Benar. Apa yang dikatakan oleh Bisma barusan memang benar. Cassie tidak terima karena Bisma bersikap tidak adil terhadapnya. Ia marah ketika Bisma seenaknya mengambil keputusan seolah ia punya kuasa atas Cassie dan pada akhirnya menghancurkan impian Cassie tentang sebuah pernikahan. 

Gadis itu akhirnya bangkit, kemudian mengentakkan kaki meninggalkan restoran tempat mereka menikmati makan siang. 

Ia tak peduli. Paling-paling kalau ada yang tahu akan menganggap kalau pertengkaran ini adalah sindrom pranikah, padahal lebih dari itu. Mereka tidak tahu ada kebobrokan yang harus ditutupi oleh Cassie karena dirinya sudah terikat kontrak. 

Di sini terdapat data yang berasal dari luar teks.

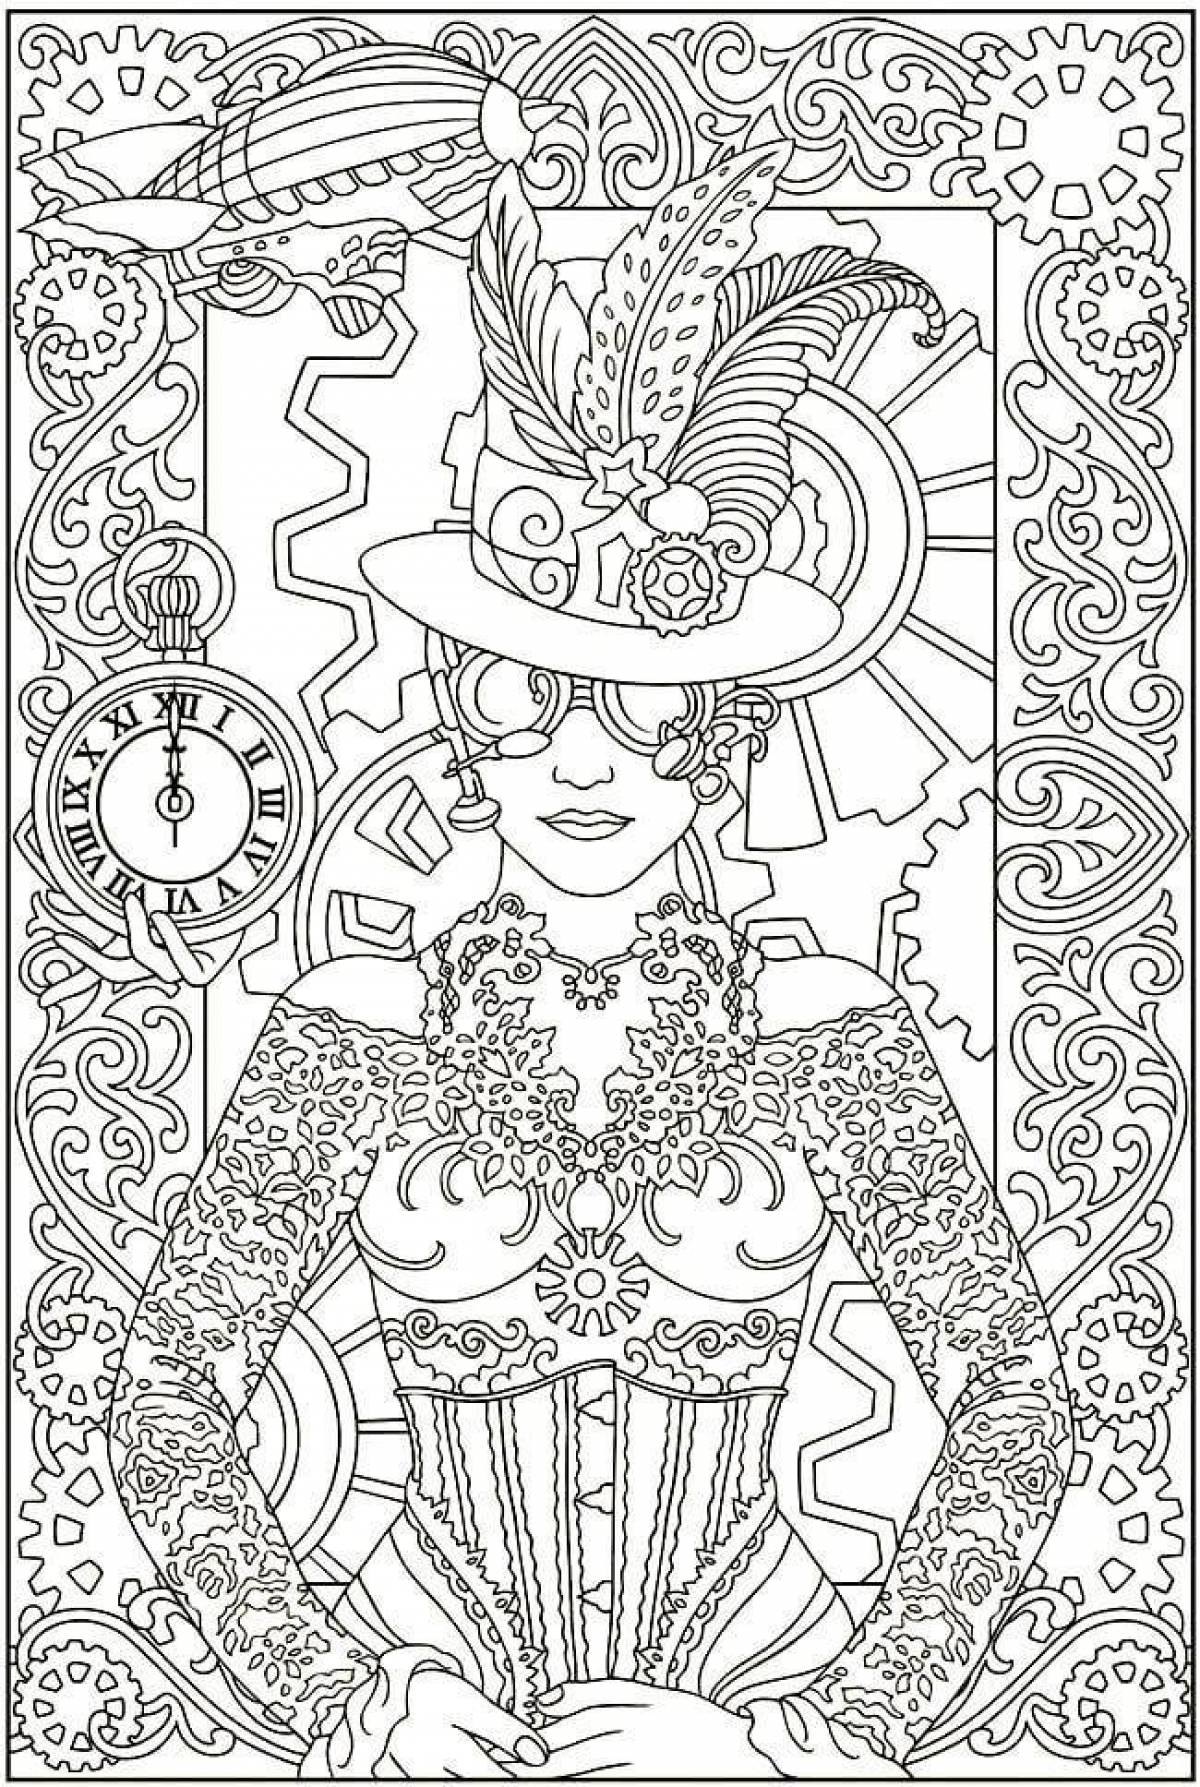 Great adult coloring book
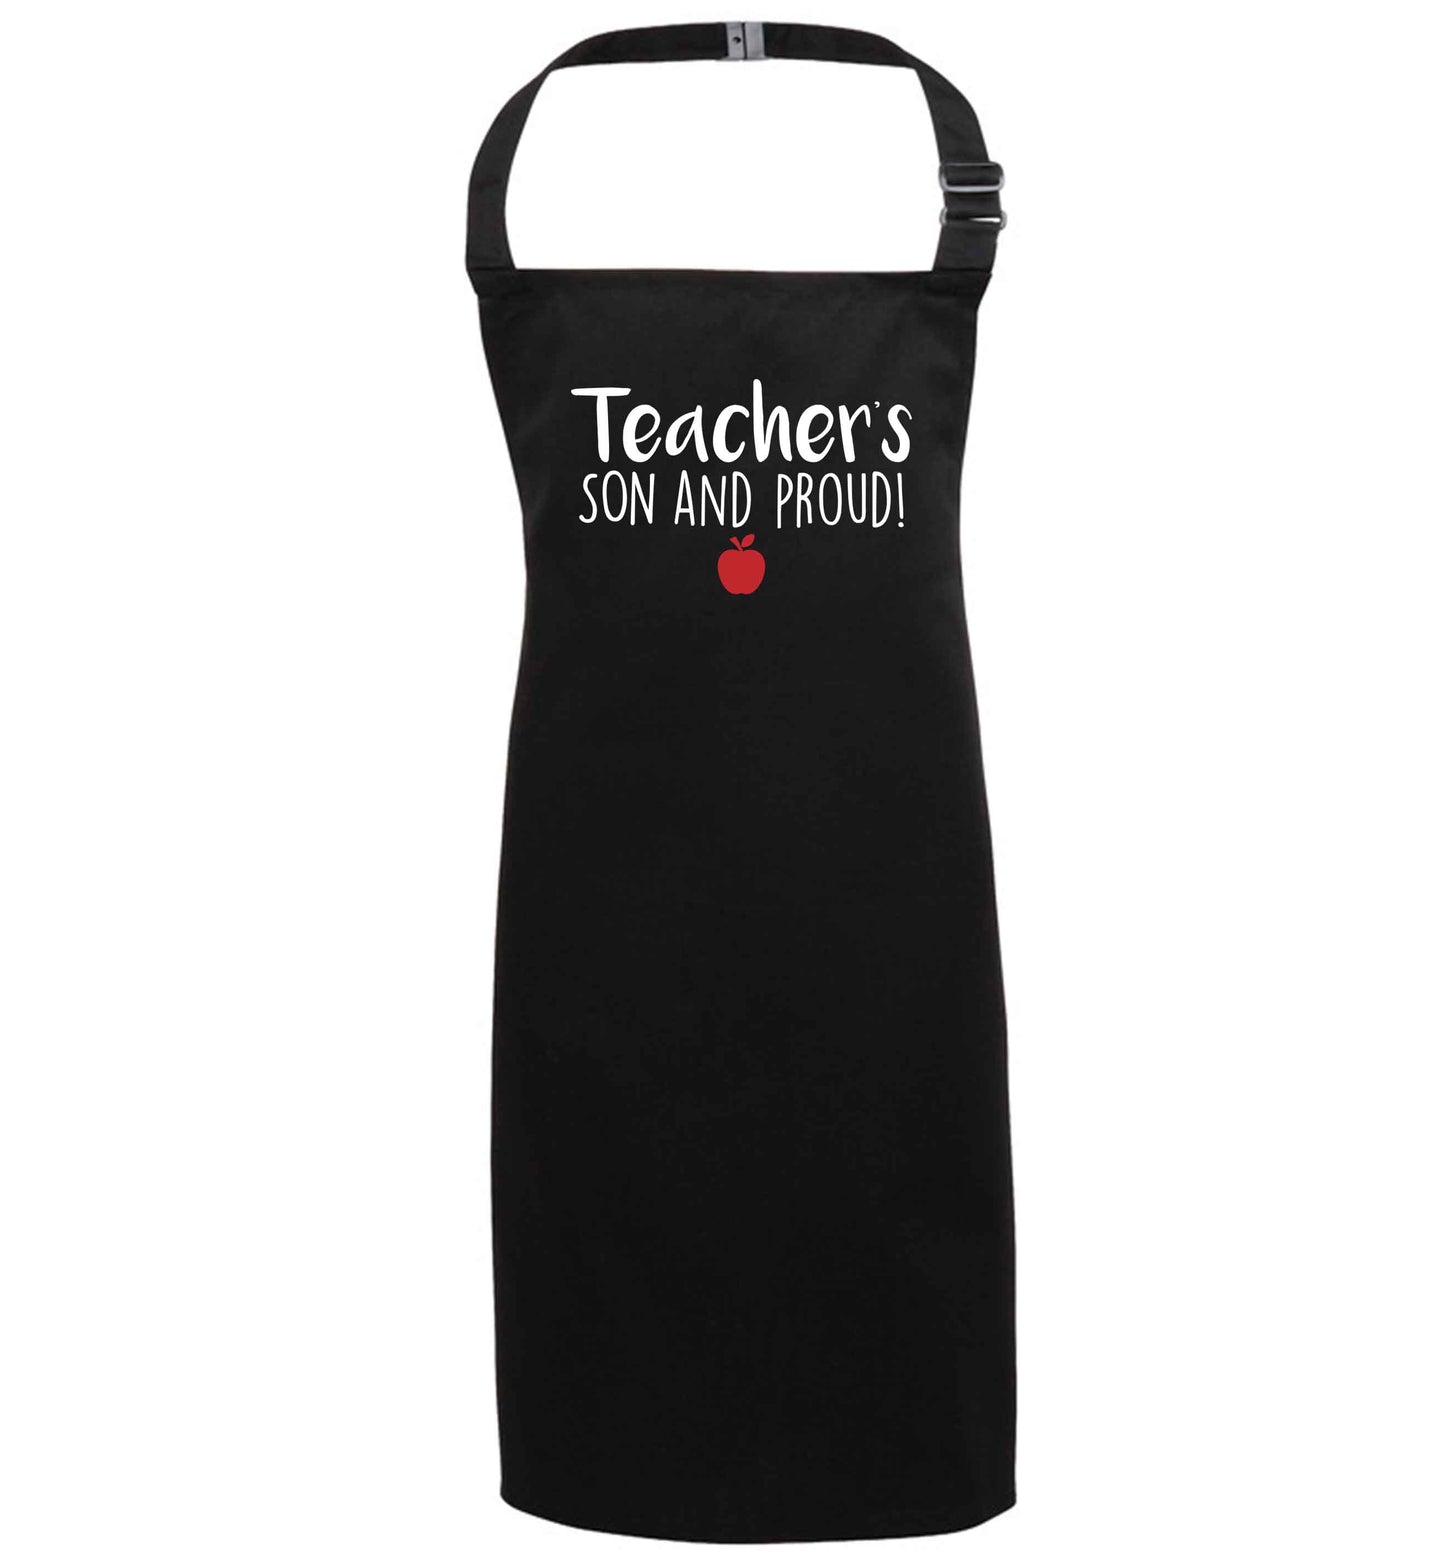 Teachers son and proud black apron 7-10 years

Ada misi yang harus ia lakukan agar dirinya tidak menjadi janda di usia muda karena isi kontrak konyol yang bodohnya, sudah terlanjur ia tanda tangani. 

“Jangan biasakan lari dari saya seperti itu, gak sopan!” Bisma tiba-tiba sudah ada di belakang Cassie yang tengah berdiri di halte tepat di depan restoran. Ia lebih baik pulang dengan taksi daripada bersama Bisma. Memandang lelaki itu saja Cassie seperti muak.

Cassie berbalik, menatap wajah rupawan calon suaminya dan mengunci tatapan pada lelaki itu. 

“Apa alasan kamu mempercepat pernikahan kita?” tanya Cassie, jelas ditujukan untuk Bisma. Lelaki itu tidak langsung menjawab. Ia menoleh dan mengedar pandangan ke sekelilingnya. 

“Kita masuk ke mobil dan bicara di dalam. Gak enak kalau di sini nanti didengar banyak orang.” 

Benar juga. Meski keduanya tidak saling mencintai dan menikah hanya demi status dan mengikuti kemauan orang tua, tetapi setidaknya lainnya tidak boleh tahu. Mereka pasti akan bereaksi semaunya. 

Keduanya kemudian masuk dan duduk manis di dalam mobil. Bisma tidak langsung mengemudikan mobilnya, melainkan menjawab pertanyaan dari sang calon istri. 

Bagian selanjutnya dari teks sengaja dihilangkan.